#### SUPPLIED DATA:
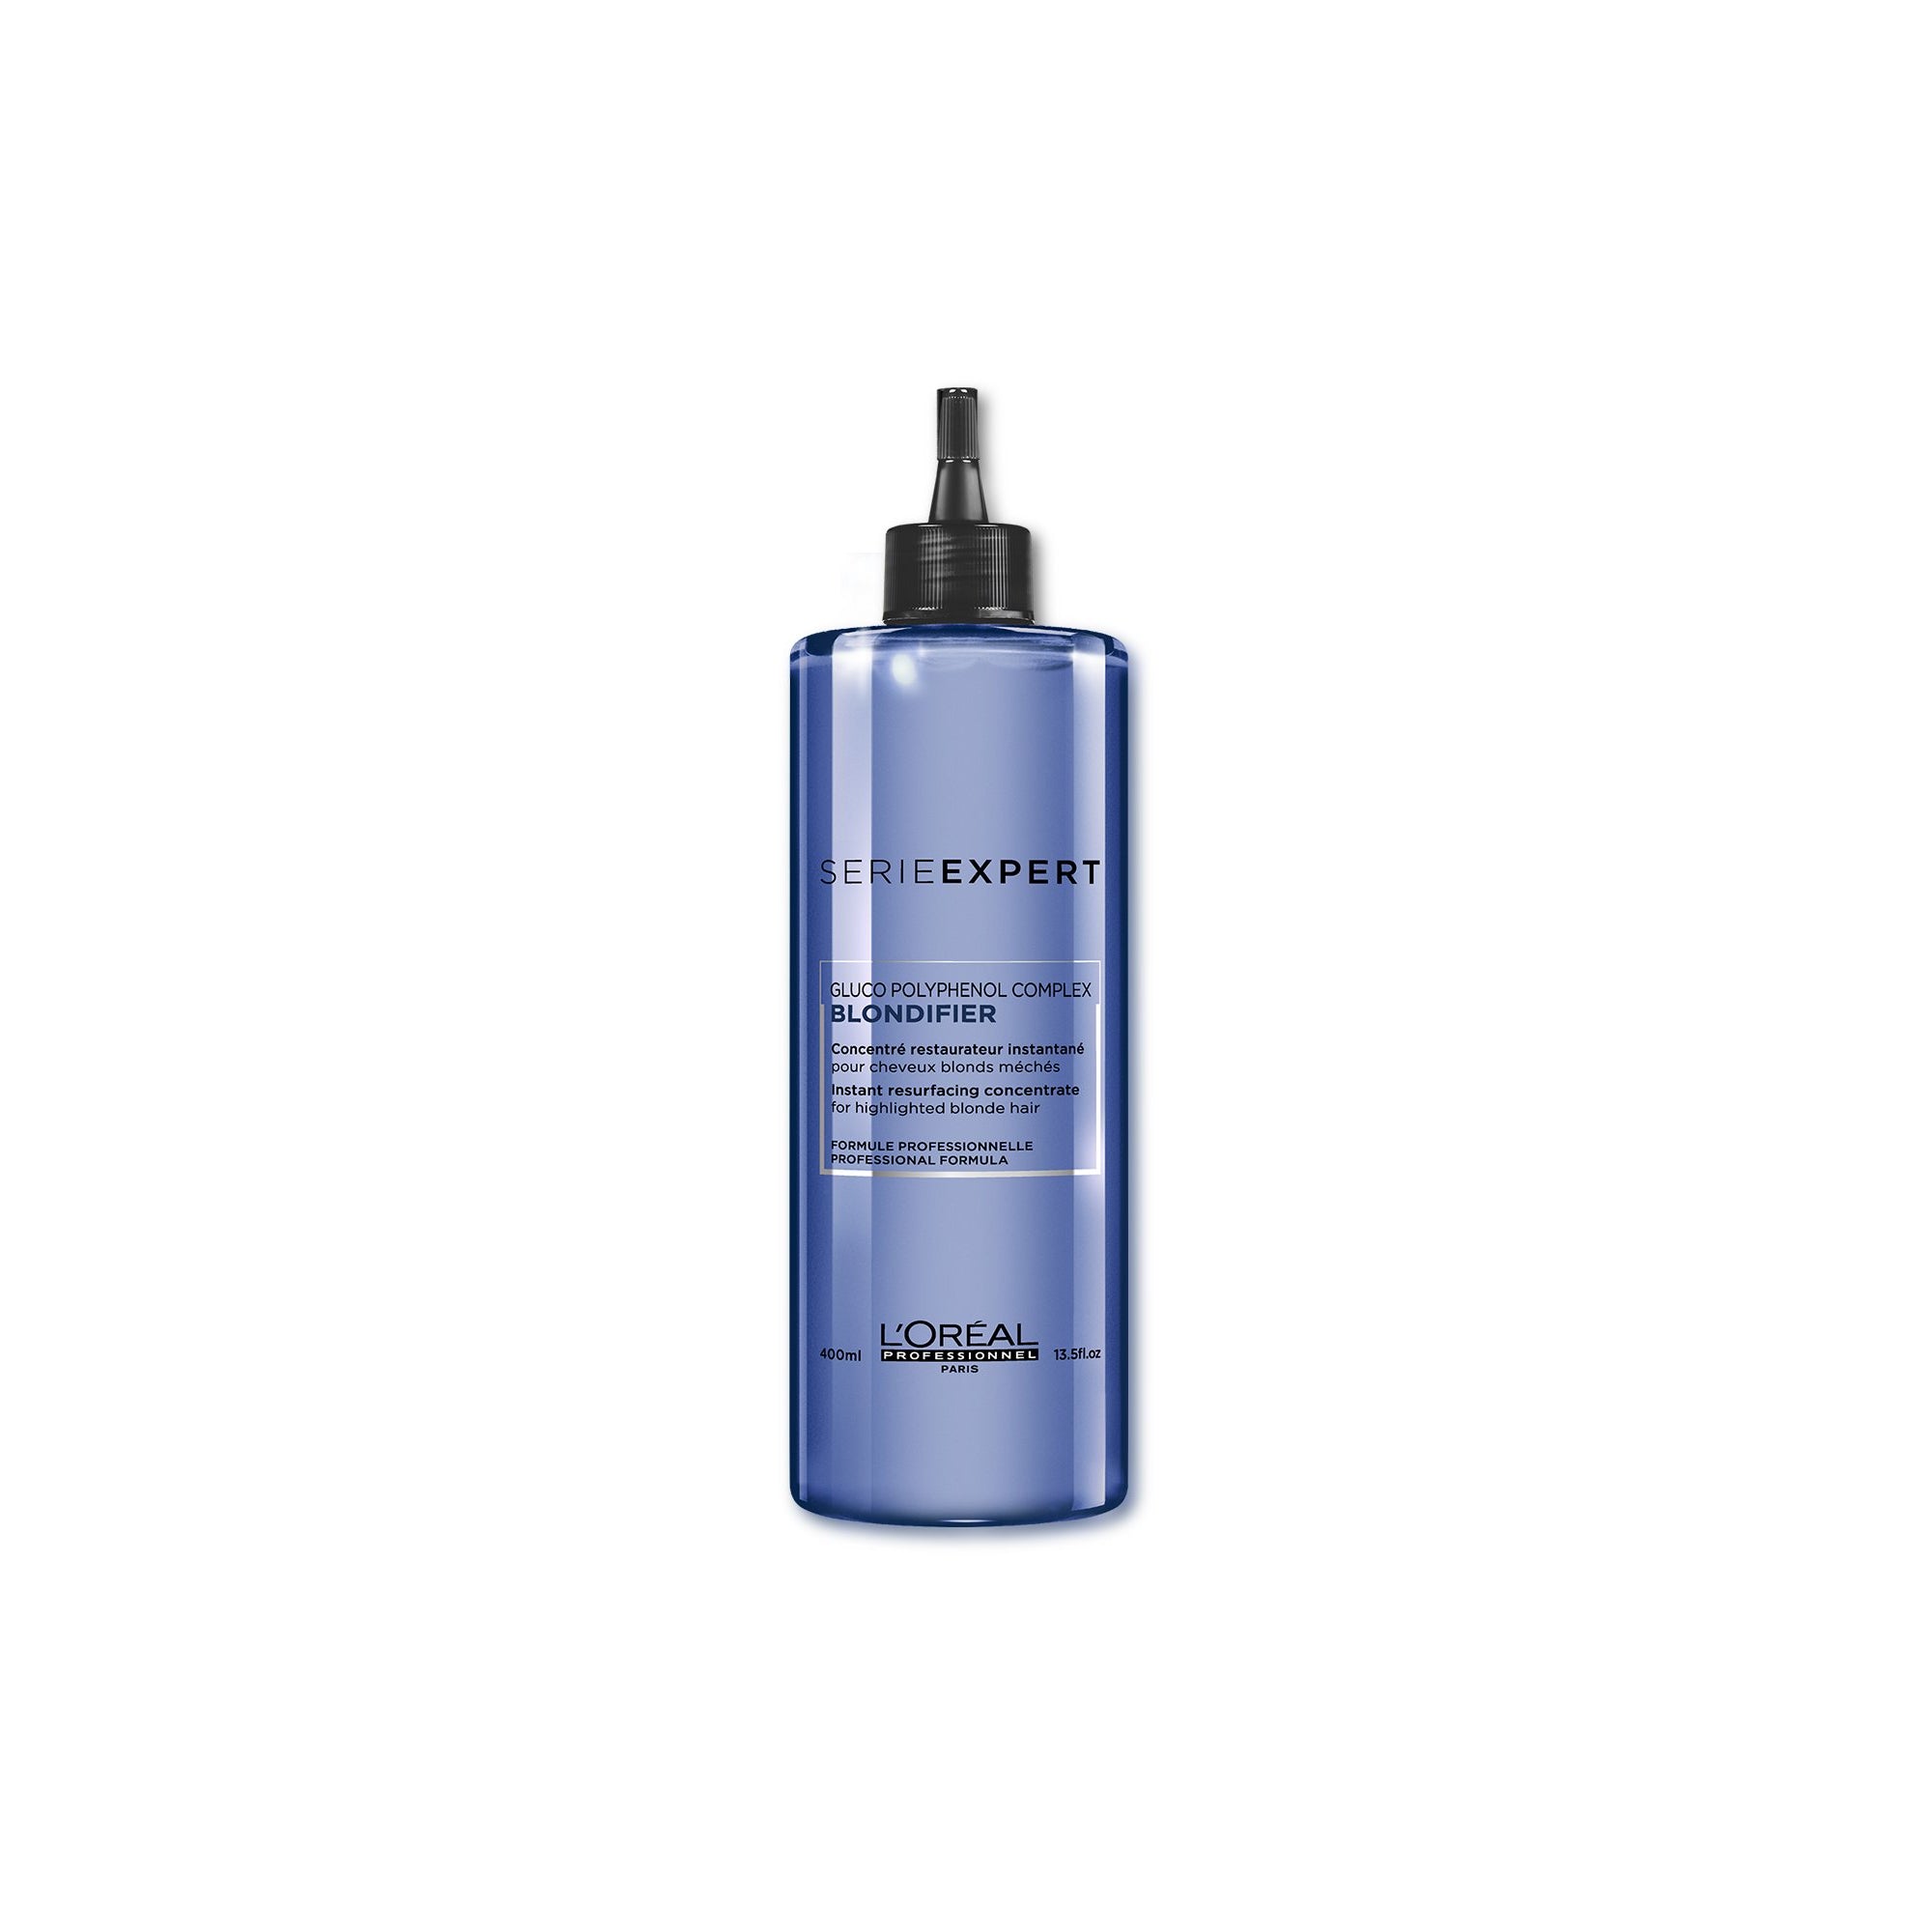 L'oreal Professionnel Serie Expert Blondifier Instant Resurfacing Concentrate 400ml
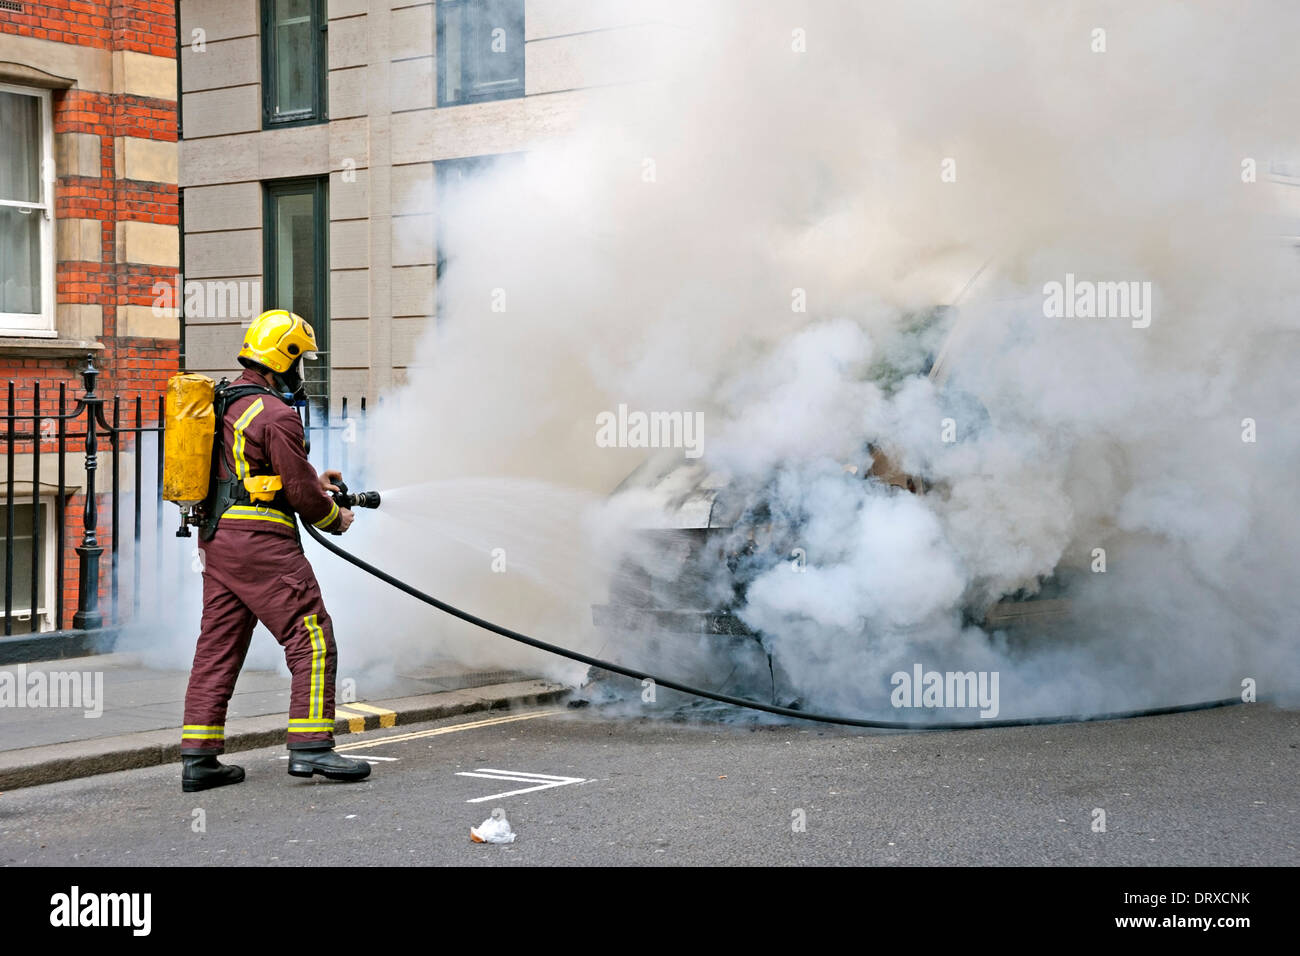 Fireman tackles a fire on a van in a London Street Stock Photo
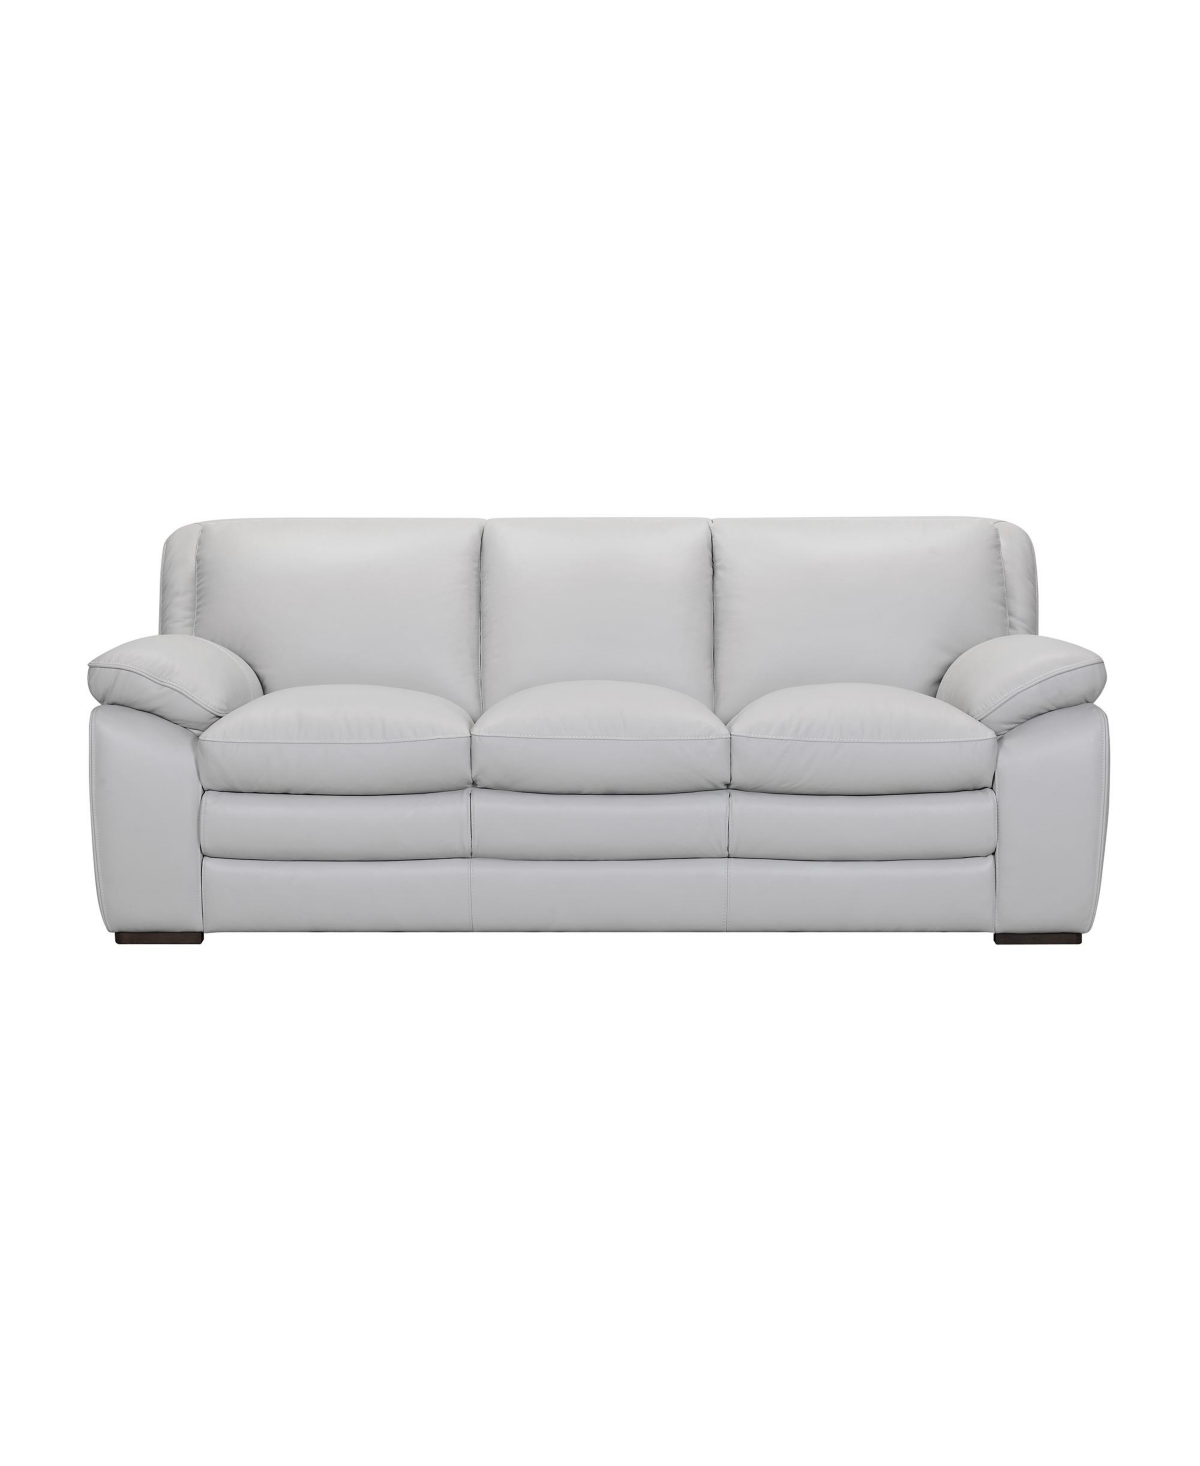 Armen Living Zanna 92" Genuine Leather With Wood Legs In Contemporary Sofa In Dove Gray

#### DIRECTIONS:
Print the entire listing above verbatim. No picture should be included.

#### EXERCISE ANSWER:
 L'oreal Professionnel Serie Expert Blondifier Instant Resurfacing Concentrate 400ml
 Fireman tackles a fire on a van in a London Street Stock Photo
 Armen Living Zanna 92" Genuine Leather With Wood Legs In Contemporary Sofa In Dove Gray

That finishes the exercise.